The IIF links the surge to governments and companies spending heavily on national security and the accelerating AI infrastructure buildout, with AI-related investment emerging as a fresh driver of borrowing and capital markets activity.
AI and defense spending are reshaping the debt cycle
The IIF notes that public borrowing did most of the heavy lifting in 2025, as governments expanded deficits and issued more sovereign debt to fund security priorities and strategic tech programs.
At the same time, Big Tech’s AI arms race keeps pulling forward massive capex for data centers, chips, and energy capacity. That “capex supercycle” strengthens demand for debt financing even when rates stay elevated, because these projects require upfront spending at a scale equity can’t always cover efficiently.
U.S. bonds: AI capex becomes the big issuance catalyst
On the corporate side, analysts expect AI to be a major reason bond supply keeps climbing. A Reuters report citing Barclays analysts projects U.S. corporate bond issuance rising in 2026, with AI hyperscaler capex flagged as the biggest upside risk for even more jumbo deals than normal.
This isn’t abstract. Oracle, one of the major infrastructure financiers tied to the AI boom, has laid out plans to raise tens of billions to fund cloud expansion and AI-related capacity.
Why “AI bubble risk” stays on the table
The risk case is straightforward: debt-funded capex can overshoot real demand.

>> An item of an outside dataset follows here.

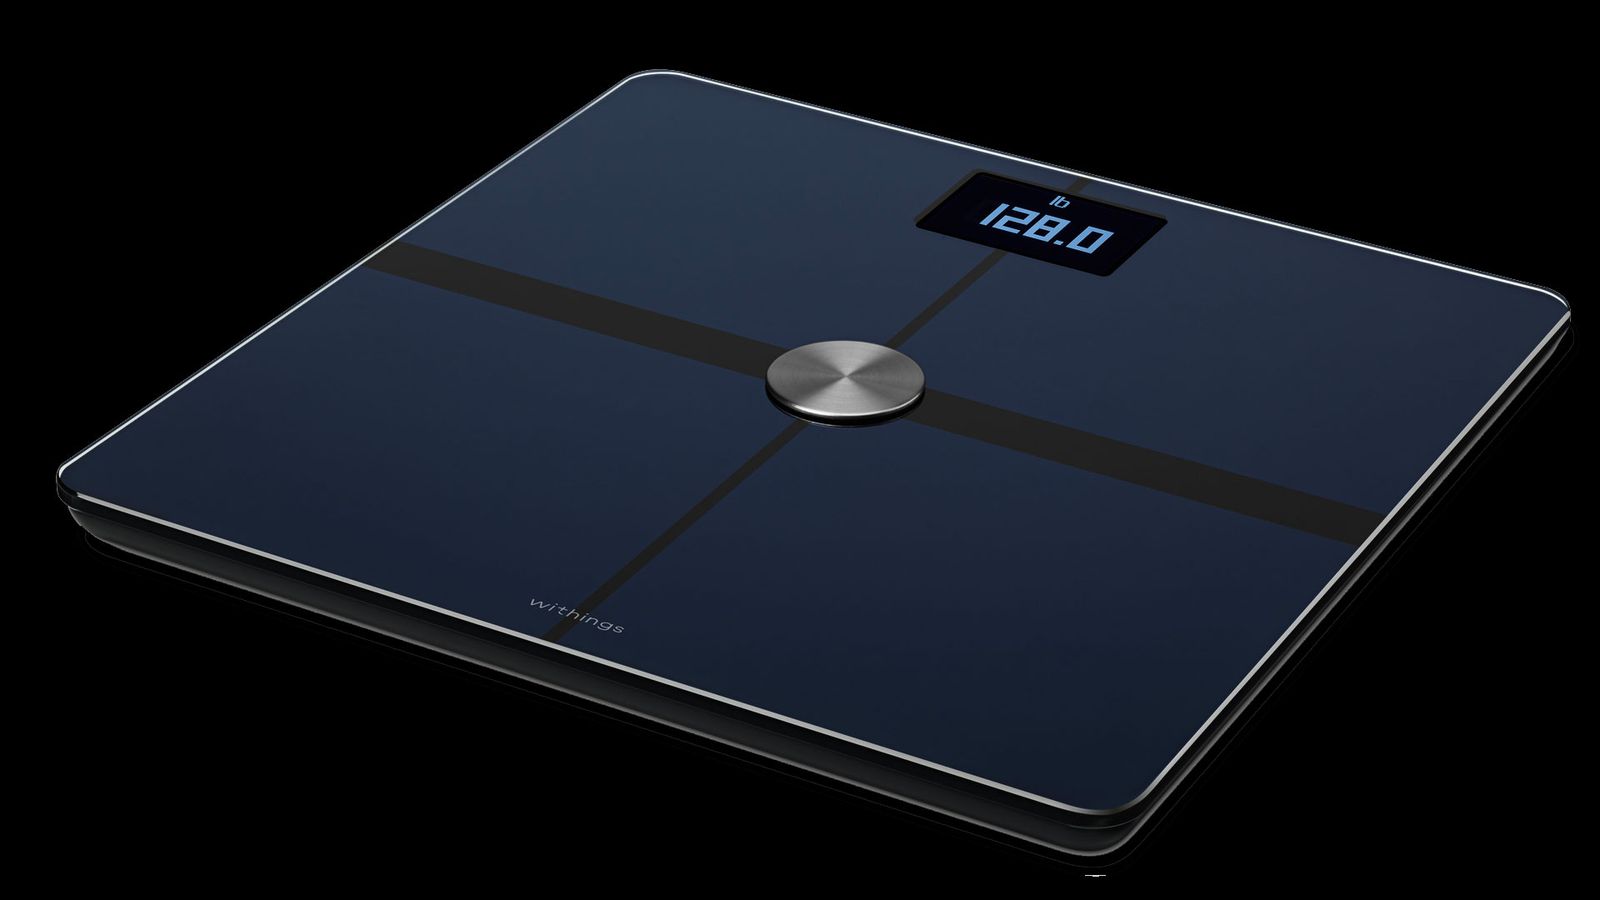 Withings Body+ product image of a black device with 128 on the digital display.

If growth cools or financing conditions tighten, markets can see valuation stress, refinancing pressure, and sudden pullbacks in spending—especially where multiple tech giants rely on interconnected, circular dealmaking to justify ever-larger buildouts.
Eco-friendly SEO angle
Debt-fueled AI expansion also raises an energy question. If the next wave of borrowing funds efficient data centers, cleaner power, and higher utilization, it can reduce waste per unit of compute. If it funds overbuilt capacity and low-value workloads, it increases emissions and stranded infrastructure. The sustainability win depends on efficiency, clean energy sourcing, and realistic demand planning.